MM
Mahmoud Mokaddem
← All posts
May 1, 2026 · 13 min read · Production fullstack

Dockerizing Next.js for production

Most Dockerfiles for Next.js you’ll find online ship a 1.2 GB image, leak environment variables at build time, and rebuild every layer on a one-line change. They work on the demo. They don’t work in production.

This is the Dockerfile I actually run. Multi-stage, ~150 MB final image, build-time and runtime env vars cleanly separated, layer caching that survives a package.json change. I’ll walk through every line, explain why each stage exists, and call out the four gotchas that account for most “it worked locally” production failures.

You can read this post standalone and have a working Dockerfile in 20 minutes. The full setup (Dockerfile plus docker-compose, GitHub Actions deploy pipeline, auth, testing) is in the production-grade Next.js + NestJS starter I’m building. There’s a subscribe link at the end.

The Dockerfile, up front

If you’re in a hurry, copy this and skip to the gotchas. The rest of the post explains every line: why each stage exists, why these specific defaults, and the bugs that account for most production failures.

# Stage 1: deps
FROM node:20-alpine AS deps
WORKDIR /app
COPY package.json package-lock.json ./
RUN npm ci

# Stage 2: builder
FROM node:20-alpine AS builder
WORKDIR /app
COPY --from=deps /app/node_modules ./node_modules
COPY . .
ENV NEXT_TELEMETRY_DISABLED=1
RUN npm run build

# Stage 3: runner
FROM node:20-alpine AS runner
WORKDIR /app
ENV NODE_ENV=production NEXT_TELEMETRY_DISABLED=1
RUN addgroup --system --gid 1001 nodejs && adduser --system --uid 1001 nextjs
COPY --from=builder /app/public ./public
COPY --from=builder --chown=nextjs:nodejs /app/.next/standalone ./
COPY --from=builder --chown=nextjs:nodejs /app/.next/static ./.next/static
USER nextjs
EXPOSE 3000
ENV PORT=3000 HOSTNAME=0.0.0.0
CMD ["node", "server.js"]

Three stages: deps, builder, runner. The first two do work; only the third ships.

Why multi-stage

A naïve Dockerfile copies your source, installs dependencies, builds, and runs, all in one stage. The image you ship to production carries everything that helped you build it: the full Node toolchain, npm’s cache, dev dependencies, build artifacts you don’t need at runtime, your .git directory if you weren’t careful with .dockerignore. Easily 1+ GB.

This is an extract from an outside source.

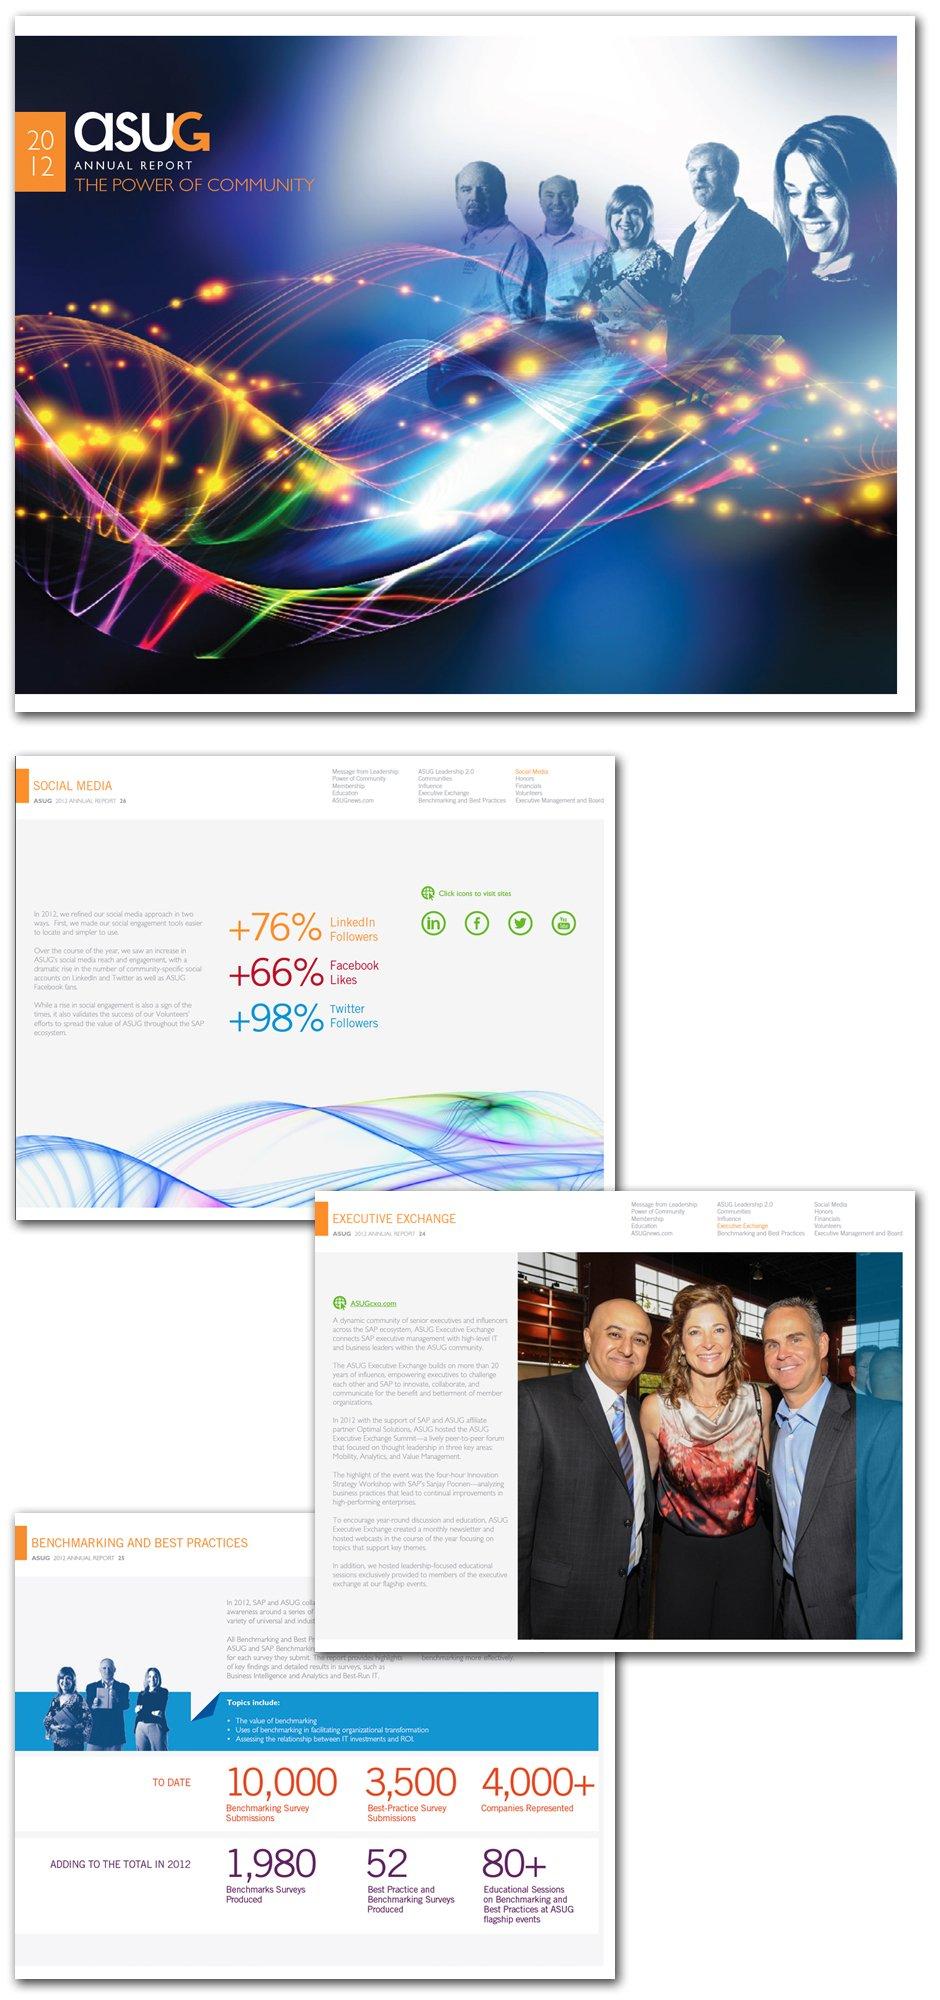 ASUG 2012 annual report

Multi-stage builds let you do all that work in a “fat” intermediate image and then copy only the artifacts that need to ship into a clean final image. Each FROM starts a fresh image; COPY --from= reaches back into a previous stage to grab specific files.

For Next.js, the practical result: ~150 MB final image vs ~1.2 GB single-stage. Why this matters in production:

  • Faster registry pulls on small VPSes or autoscaling platforms. Pulling 1.2 GB on a 100 Mbps link takes ~96 seconds; pulling 150 MB takes ~12.
  • Faster cold starts on platforms like Fly.io and Cloud Run, where containers start on demand.
  • Lower registry cost when you push every commit during the day.
  • Smaller security surface, with fewer packages carrying potential CVEs in production.

The mental shortcut: do the messy work in a fat intermediate image, ship only the artifacts that need to run.

Stage 1 — Dependencies

FROM node:20-alpine AS deps
WORKDIR /app
COPY package.json package-lock.json ./
RUN npm ci

node:20-alpine is a deliberate trade-off. Alpine Linux is ~50 MB; the standard node:20-slim is ~340 MB; node:20 (Debian-based) is ~1 GB. Alpine wins on size and is fine for almost every Next.js app I’ve shipped.

The catch with Alpine is musl libc instead of glibc. Some npm packages with prebuilt native binaries (historically canvas, sharp, certain database drivers) ship glibc binaries that don’t load on Alpine. If you hit a binary-compatibility error during npm ci, the fix is usually to switch this stage’s base to node:20-slim and accept the larger image. For a vanilla Next.js app, you’ll never see this.

Notice we copy only package.json and package-lock.json, not the source. This is layer-caching discipline. Docker caches each layer of the build; if a layer’s input hasn’t changed, it reuses the cached output. By isolating the dependency install layer to the lockfile, we get full cache reuse on every commit that doesn’t touch dependencies, which is most of them. If we copied the source first, every code change would re-run npm ci from scratch and cost minutes.

About npm ci vs npm install: ci is deterministic. It installs exactly what’s in the lockfile, fails if the lockfile is out of date, and is faster because it skips tree resolution. Always ci in Docker. (For Yarn: yarn install --frozen-lockfile. For pnpm: pnpm install --frozen-lockfile.)

We don’t npm prune --production here because the Next.js standalone output (next stage) does it implicitly. It includes only the runtime deps actually traced from the build output.

Stage 2 — Builder

FROM node:20-alpine AS builder
WORKDIR /app
COPY --from=deps /app/node_modules ./node_modules
COPY . .
ENV NEXT_TELEMETRY_DISABLED=1
RUN npm run build

Fresh stage, fresh Alpine, node_modules pulled forward from the previous stage. COPY . . brings in the source tree (filtered by .dockerignore, covered below).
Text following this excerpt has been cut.